Current Jurisdiction of the BSA
The proposed role and scope of the jurisdiction of the Broadcasting Standards Authority (BSA) are as follows:
Jurisdiction:
The BSA has jurisdiction over entertainment content, including all non-news and non-current affairs programming.
The BSA's jurisdiction covers all forms of linear broadcasting, but excludes non-linear platforms.
The BSA should has concurrent jurisdiction with the NZMC over news and current affairs in relation to the standards of good taste and decency, and the protection of children.
Functions:
The BSA enforces standards for entertainment content, ensuring that it meets community expectations and complies with relevant codes of practice.
The BSA handles complaints related to entertainment content, providing a mechanism for the public to raise concerns and seek redress.
Complaints Process:
Complaints about entertainment content are first be directed to the broadcaster, with recourse to the BSA if the complaint is not resolved to the complainant's satisfaction.
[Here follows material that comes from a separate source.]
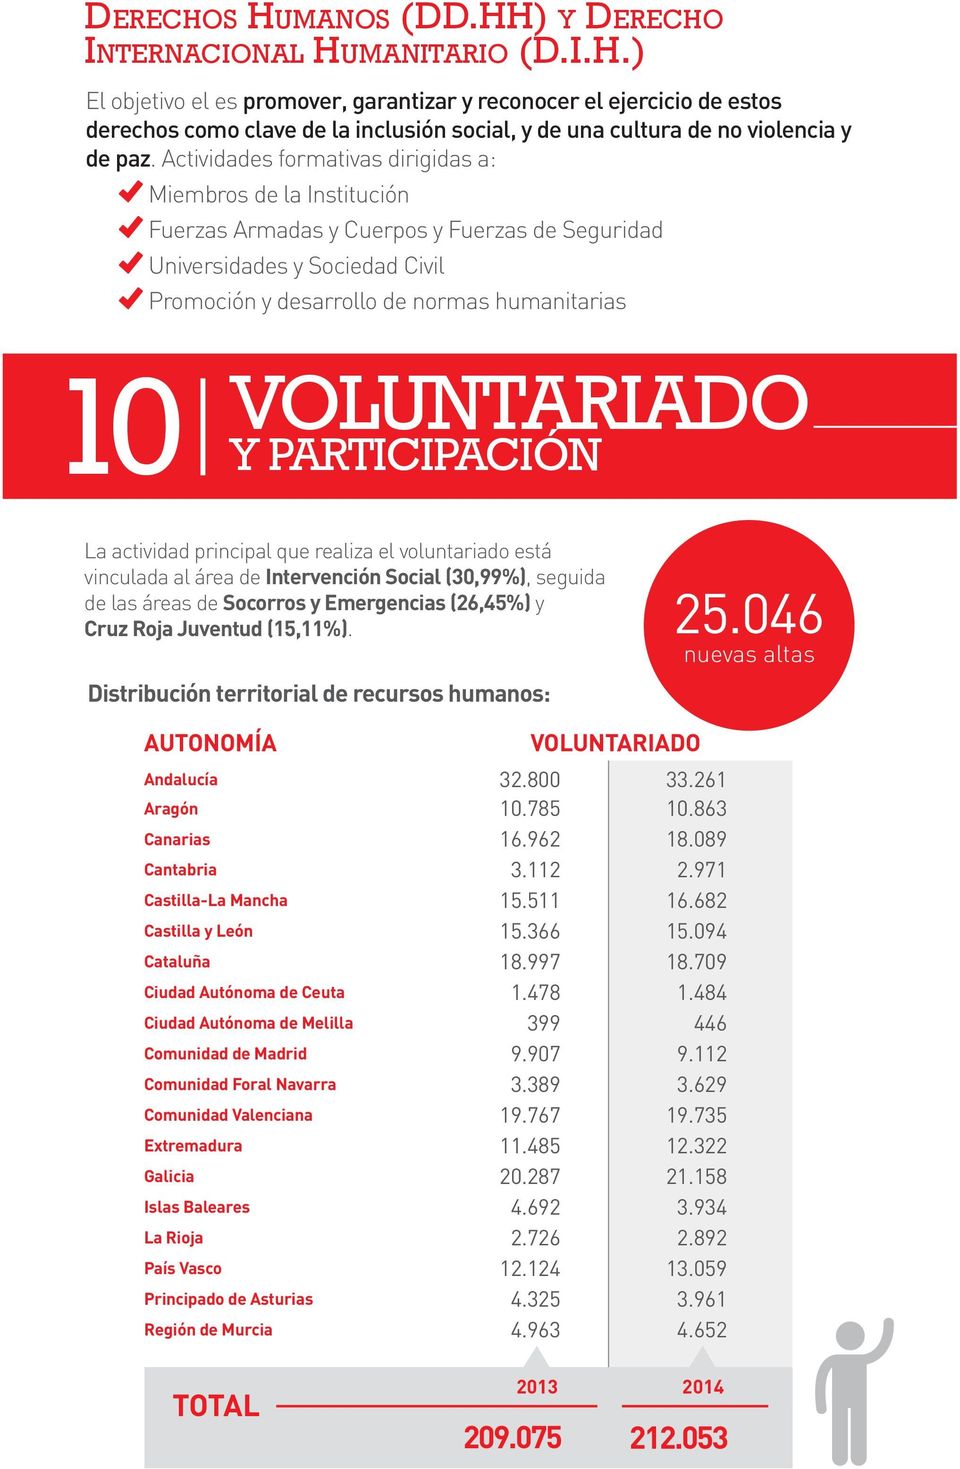 VOLUNTARIADO Y PARTICIPACIÓN La actividad principal que realiza el voluntariado está vinculada al área de Intervención Social (30,99%), seguida de las áreas de Socorros y Emergencias (26,45%) y Cruz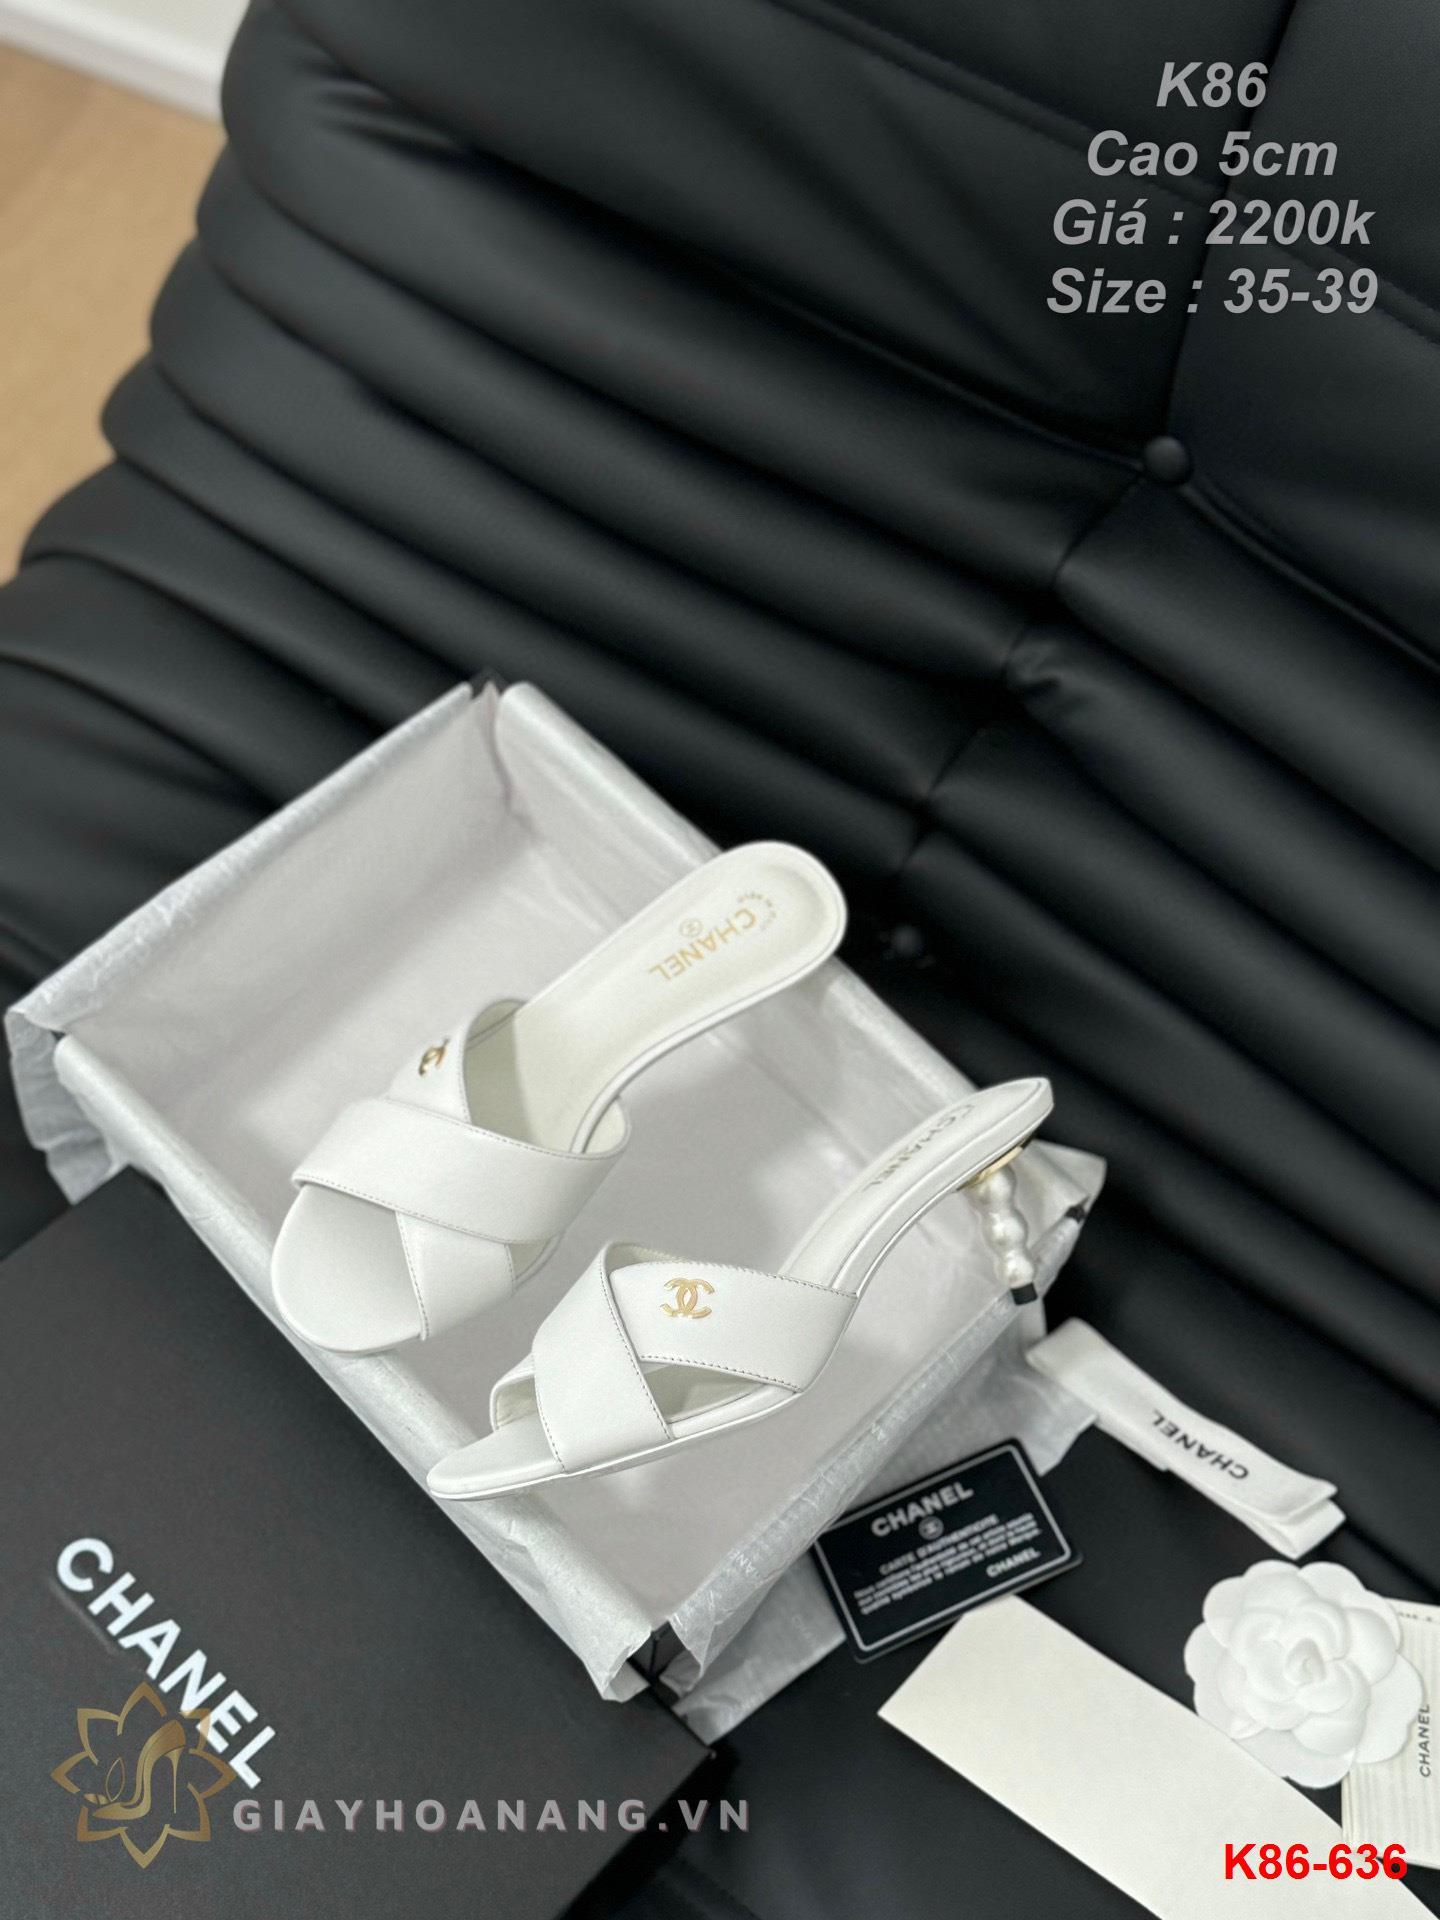 K86-636 Chanel dép cao gót 5cm siêu cấp

The BSA has the authority to investigate complaints, make determinations, and require remedial action.
Standards and Codes of Practice:
The BSA develops and maintains codes of practice for entertainment content, in consultation with the industry and the public.
These codes cover issues such as decency, fairness, accuracy, and the protection of children.
Powers:
The BSA has the power to require broadcasters to take corrective actions, such as broadcasting apologies, corrections, or right of reply.
Independence and Accountability:
The BSA operates independently of both the government and the broadcasting industry, ensuring impartiality and public trust.
The BSA is transparent in its operations, publishing its decisions, annual reports, and other relevant information.
Funding:
The BSA is funded by the State and by the broadcasting industry, with contributions from broadcasters based on their revenue or other appropriate metrics.
I have embarked upon this discussion because it demonstrates the scope of regulation as it applies to broadcasting content only. This is helpful also in determining the scope and shape, as well as the applicability, of any future regulatory model
A Proposed Definition for Professional Media
The time has now arrived to settle a definition for “professional media” that would be subject to a regulatory model.
I shall first list the elements all of which must be satisfied:
A body corporate or other business entity carrying on business and domiciled in New Zealand.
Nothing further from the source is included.